_Collected material_
-------

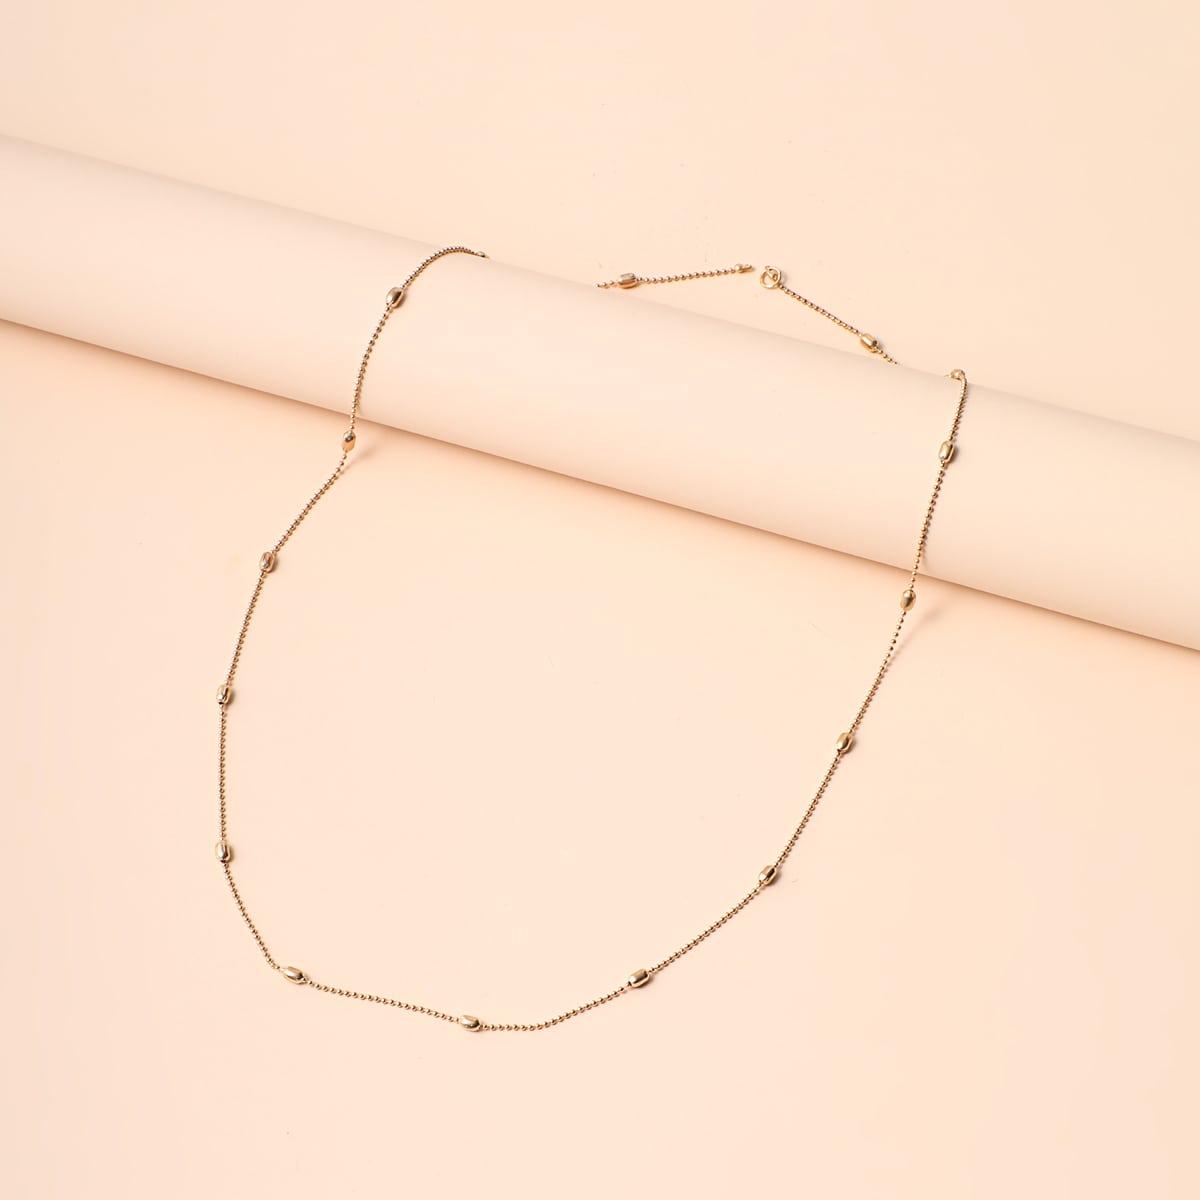 SHEIN / Halskette mit goldem Perlen Anhänger
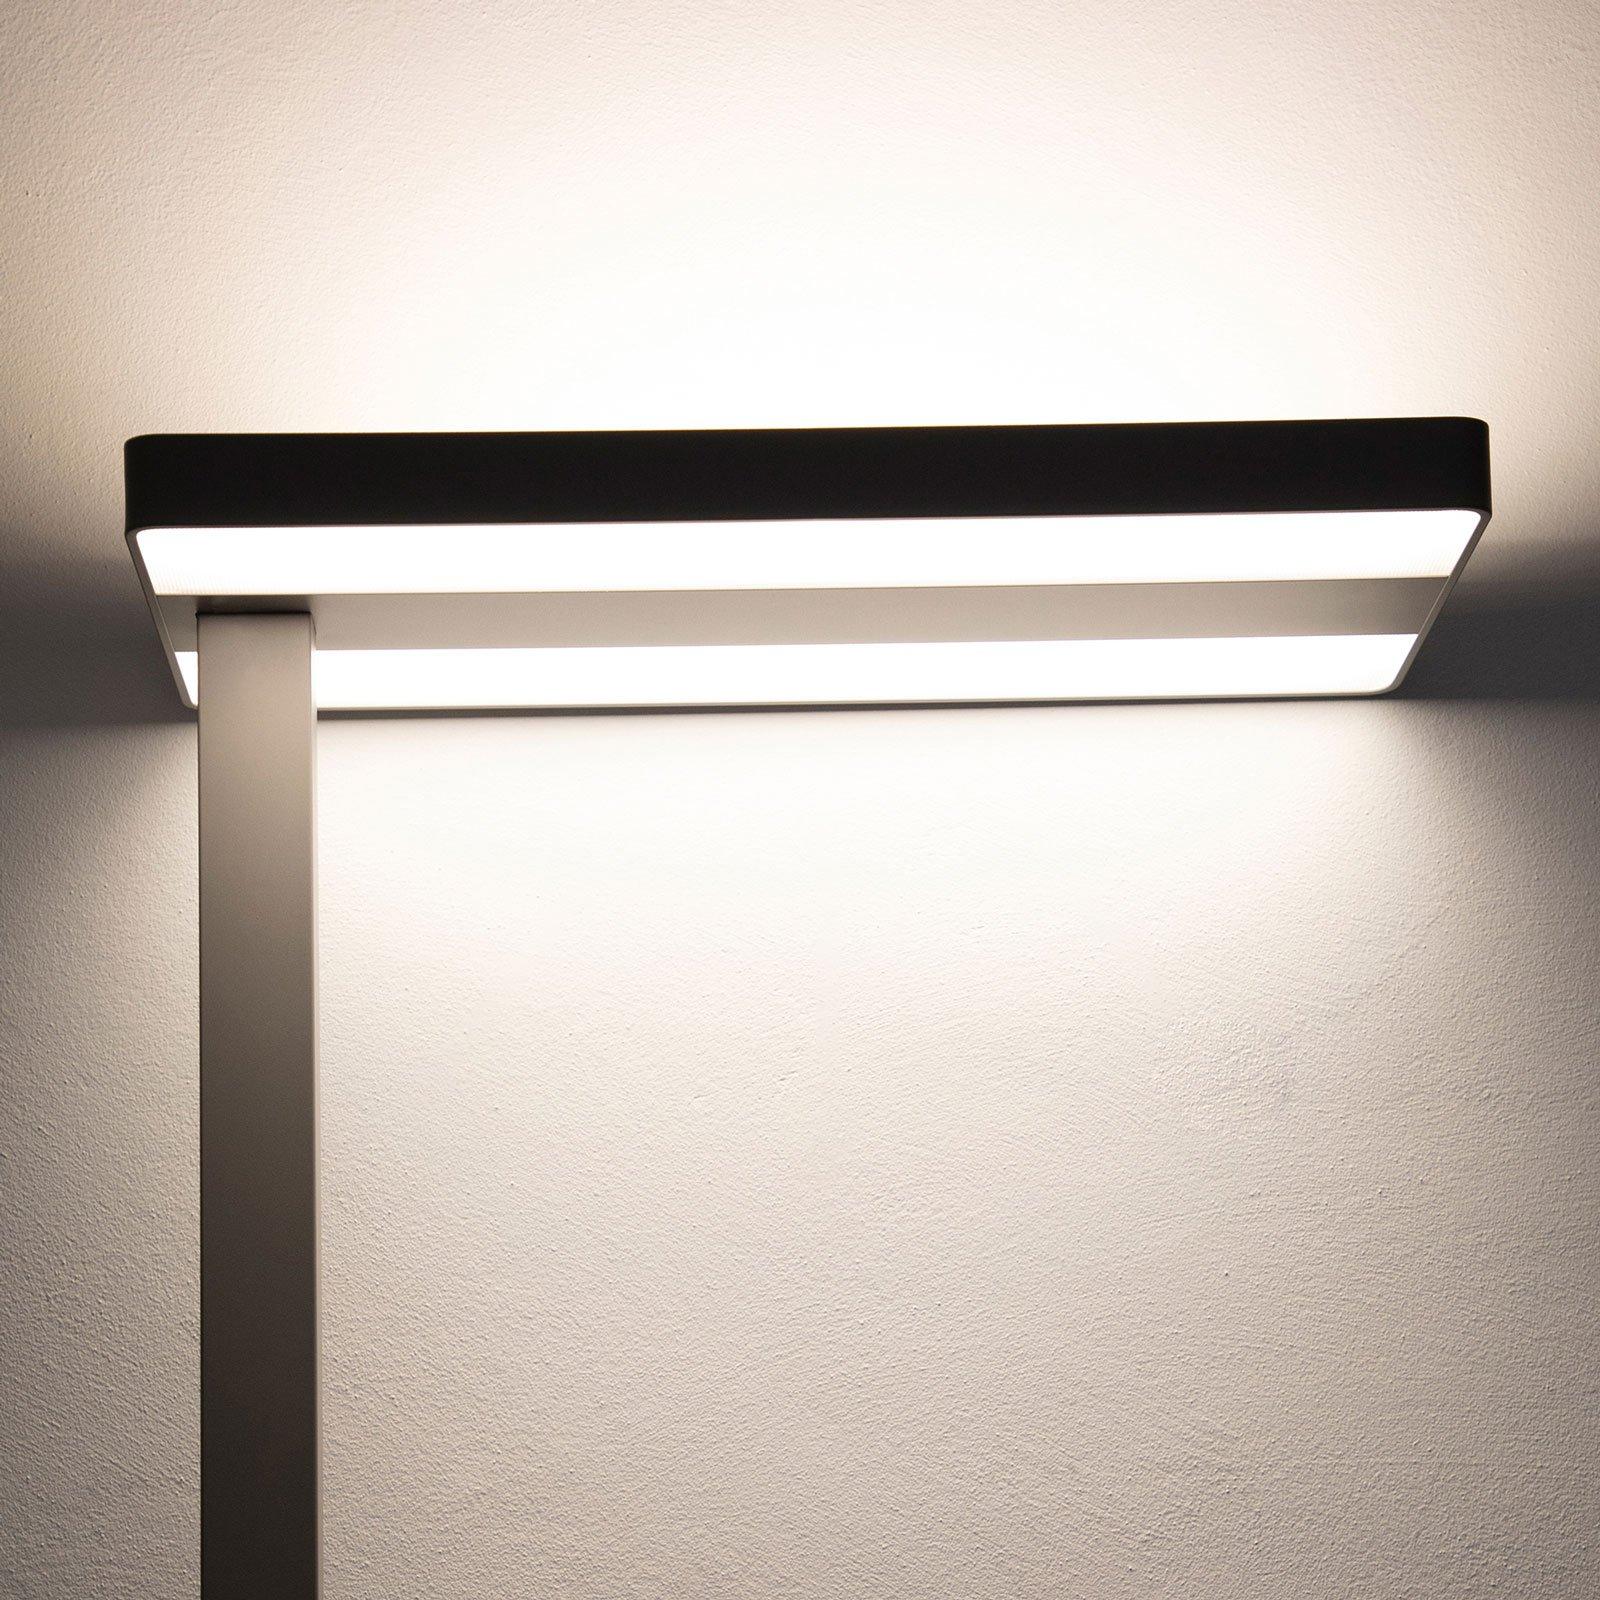 MAULjaval LED-gulvlampe med klemfot og dimmer
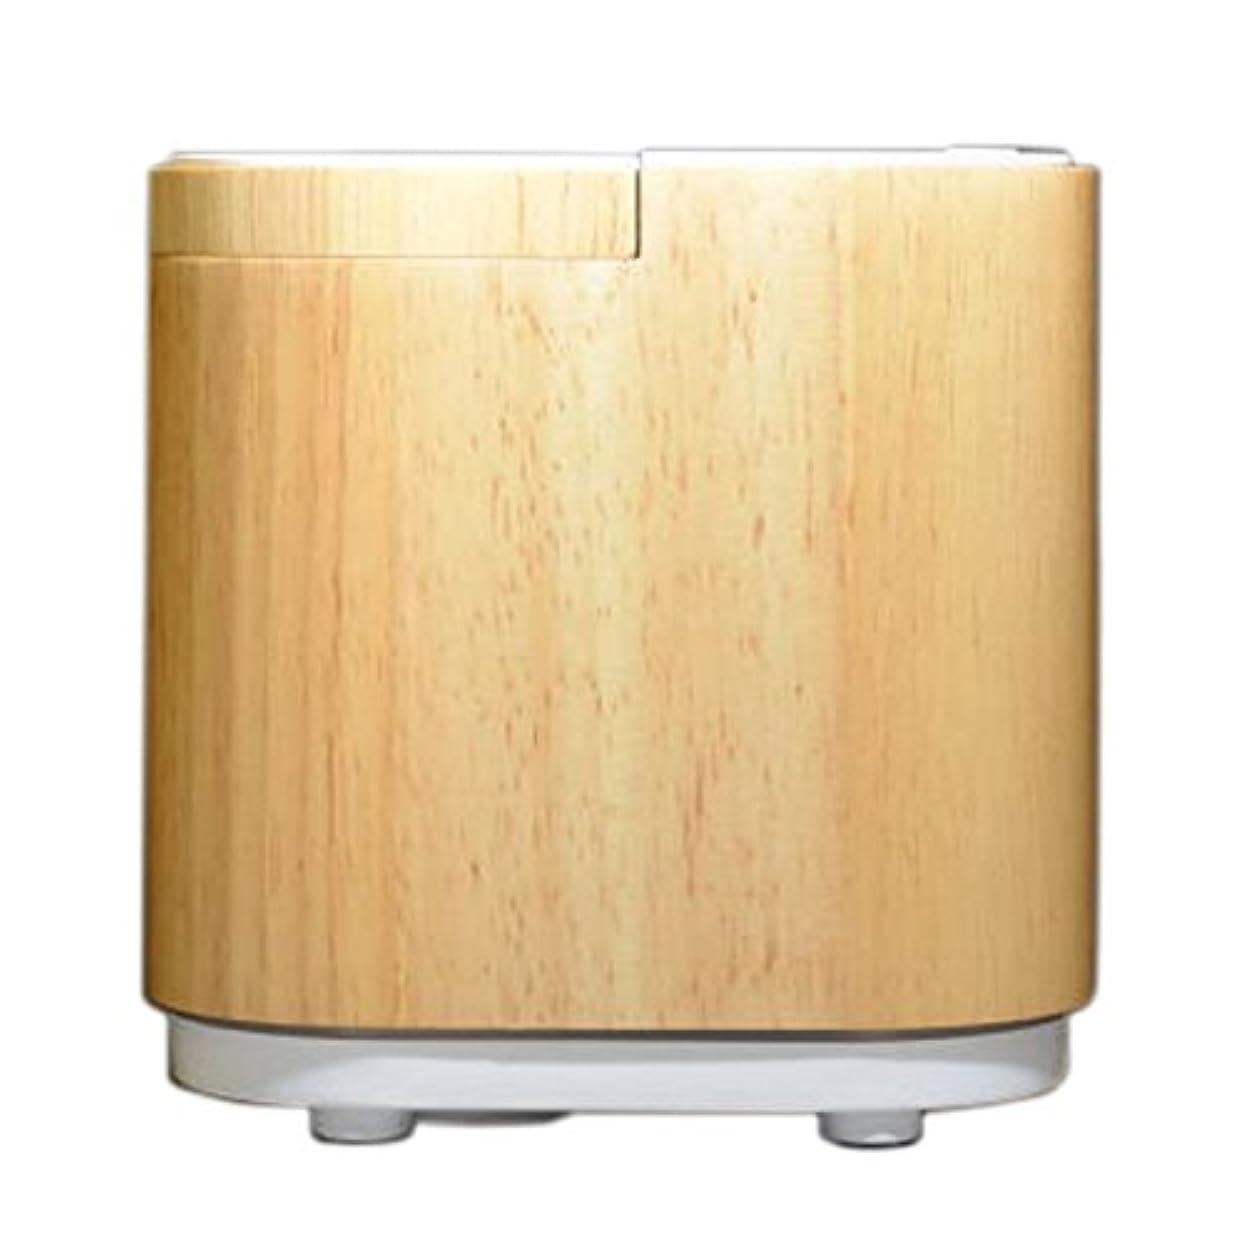 生活の木 アロモアウッド [aromore] エッセンシャルオイルディフューザー アロマディフューザー

-------

Line for line, retype the material exactly, omitting any pictures.

 SHEIN / Halskette mit goldem Perlen Anhänger
 MAULjaval LED-gulvlampe med klemfot og dimmer
 生活の木 アロモアウッド [aromore] エッセンシャルオイルディフューザー アロマディフューザー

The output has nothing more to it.